Erst jetzt kommt also die Ertragsfähigkeit des Unternehmens ansatzweise ins Spiel, denn die Prognose könnte ergeben, dass das Unternehmen innerhalb der kommenden zwölf Monate ertragsfähig wird. Doch selbst wenn nicht: Nach gefestigter Rechtsprechung kommt es grundsätzlich nur auf die Zahlungsfähigkeit im Prognosezeitraum an. Wenn das Start-up-Unternehmen also durch Kredite mit ausreichender Liquidität für das kommende laufende Jahr versorgt wird, ist sein Fortbestehen überwiegend wahrscheinlich (wobei überwiegend tatsächlich nur heißt, dass die Wahrscheinlichkeit nur 50 % oder mehr betragen muss). Geht diese Fortführungsprognose positiv aus, liegt keine Überschuldung gemäß § 19 InsO vor. Und gerade bei einem Start-up ist davon auszugehen, dass ein Finanzierungskonzept vorliegt und verfolgt und ständig aktualisiert wird, das mindestens einen Zeitraum von zwölf Monaten umfasst – die notwendigen Daten sollten also bereits vorhanden sein.

Was ändert das Urteil den nun überhaupt?

Doch wann kommt bei der Überschuldung denn nun auf die Ertragsfähigkeit des Unternehmens an, auf die sich das OLG Düsseldorf stützt? Die Antwort ist einfach: Gar nicht. Die Erleichterungen für Start-ups, die das OLG Düsseldorf vermeintlich mit seinem Urteil schafft, stellen sich im Nachhinein als Spiegelfechterei heraus.

Fazit

Wer weiterdenkt, stellt sich unvermeidlich die Frage: Benötigen wir überhaupt eine Insolvenzerleichterung für Start-ups? Steht die Insolvenzordnung der Entwicklung von Start-ups in Deutschland im Weg?
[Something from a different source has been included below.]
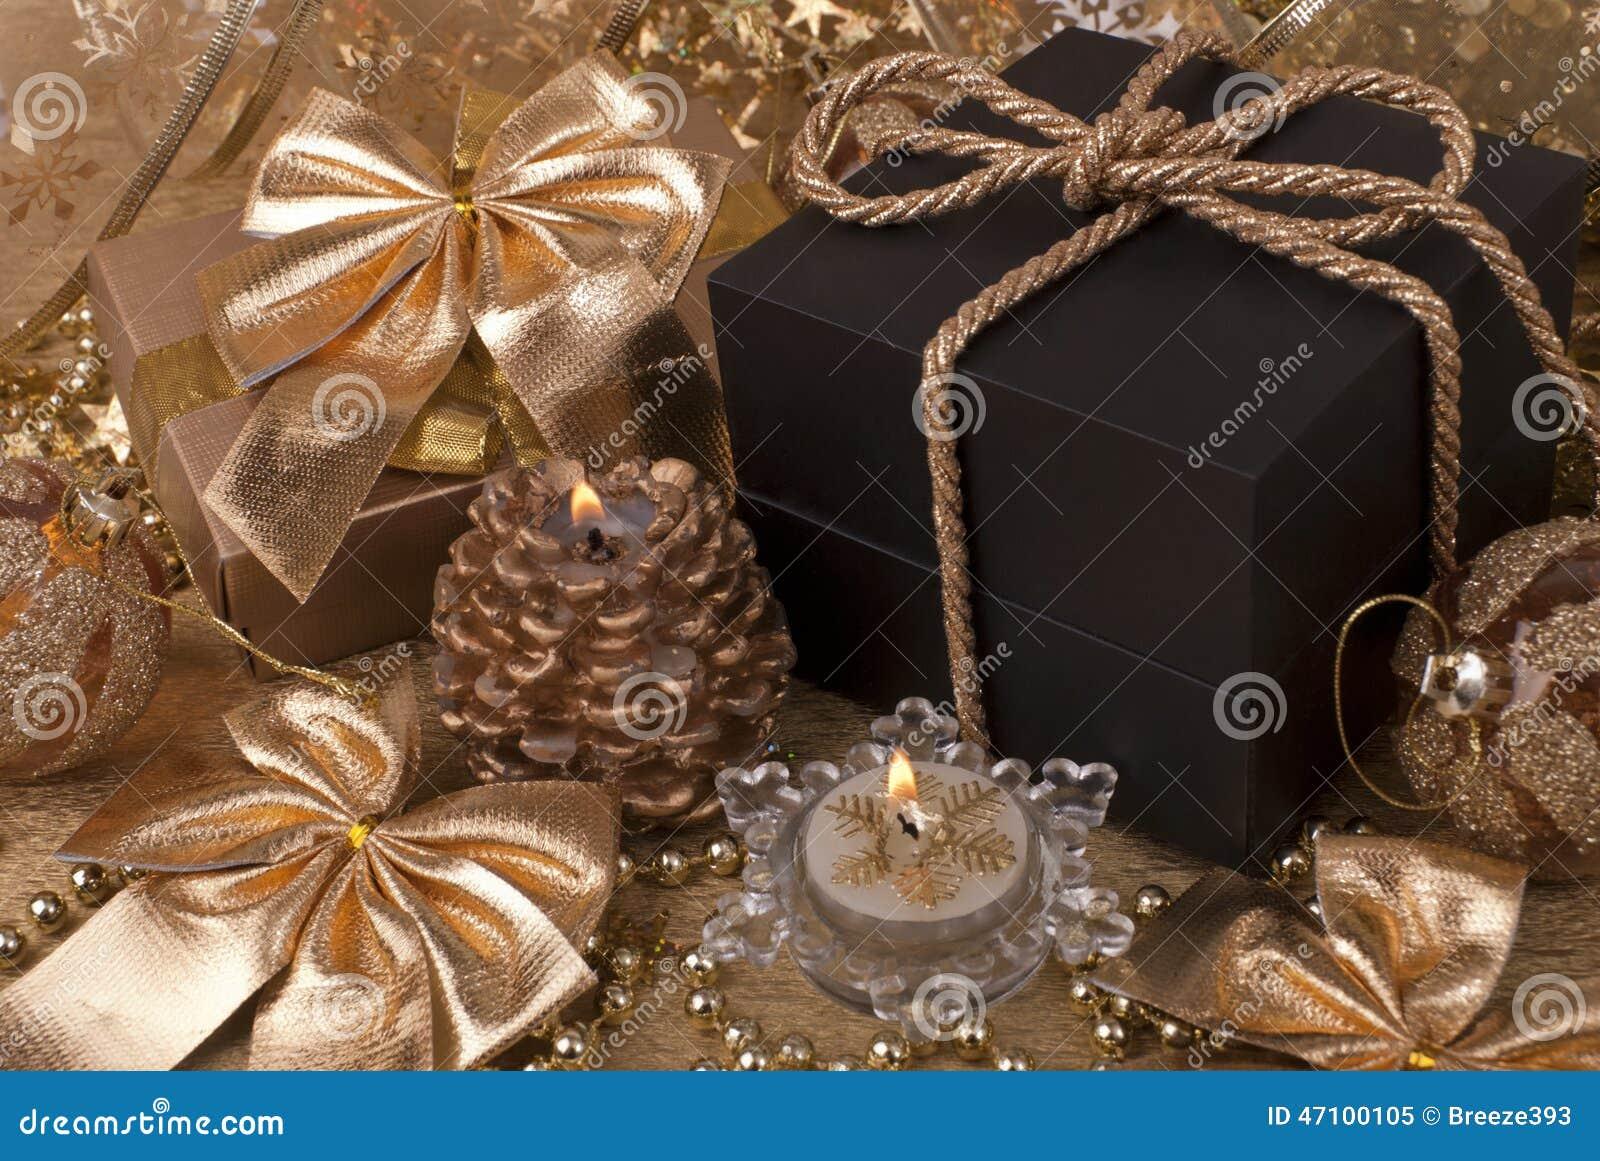 Geschenk, Kerzen, Bälle des neuen Jahres

Die Antwort ist ein eindeutiges „Nein“. Die Insolvenzordnung soll Gläubiger schützen, und das in den Fällen, in denen Zahlungsunfähigkeit eingetreten ist oder droht oder in denen eine Überschuldung ohne Heilungsmöglichkeit durch eine 12-Monats-Prognose besteht. Wenn ein Start-up zahlungsunfähig oder drohend zahlungsunfähig ist, kann es am Markt sowieso nicht existieren. Ebenso wenig wird es Erfolg haben, wenn sich im Zuge einer Fortführungsprognose herausstellt, dass in den kommenden zwölf Monaten die Liquidität ausgehen wird. Insofern erfüllt die Insolvenzordnung ihre Marktbereinigungsfunktion bei Start-ups gleichermaßen wie bei anderen Unternehmen. Das Start-up, dass sich mit ausreichenden finanziellen Mitteln (auch von Kreditgebern!) versorgt und sich so für einen absehbaren Zeitraum von zwölf Monaten finanziell solide aufstellt, das eine nachvollziehbare und realistische Finanzplanung erstellt (auch im Interesse der Kreditgeber!) und das bereit ist, diese Planungen im Zuge der Fortführungsprognose offenzulegen und von einem unabhängigen und spezialisierten Dritten überprüfen zu lassen, hat nach wie vor nichts zu befürchten und bedarf keiner Sonderbehandlung.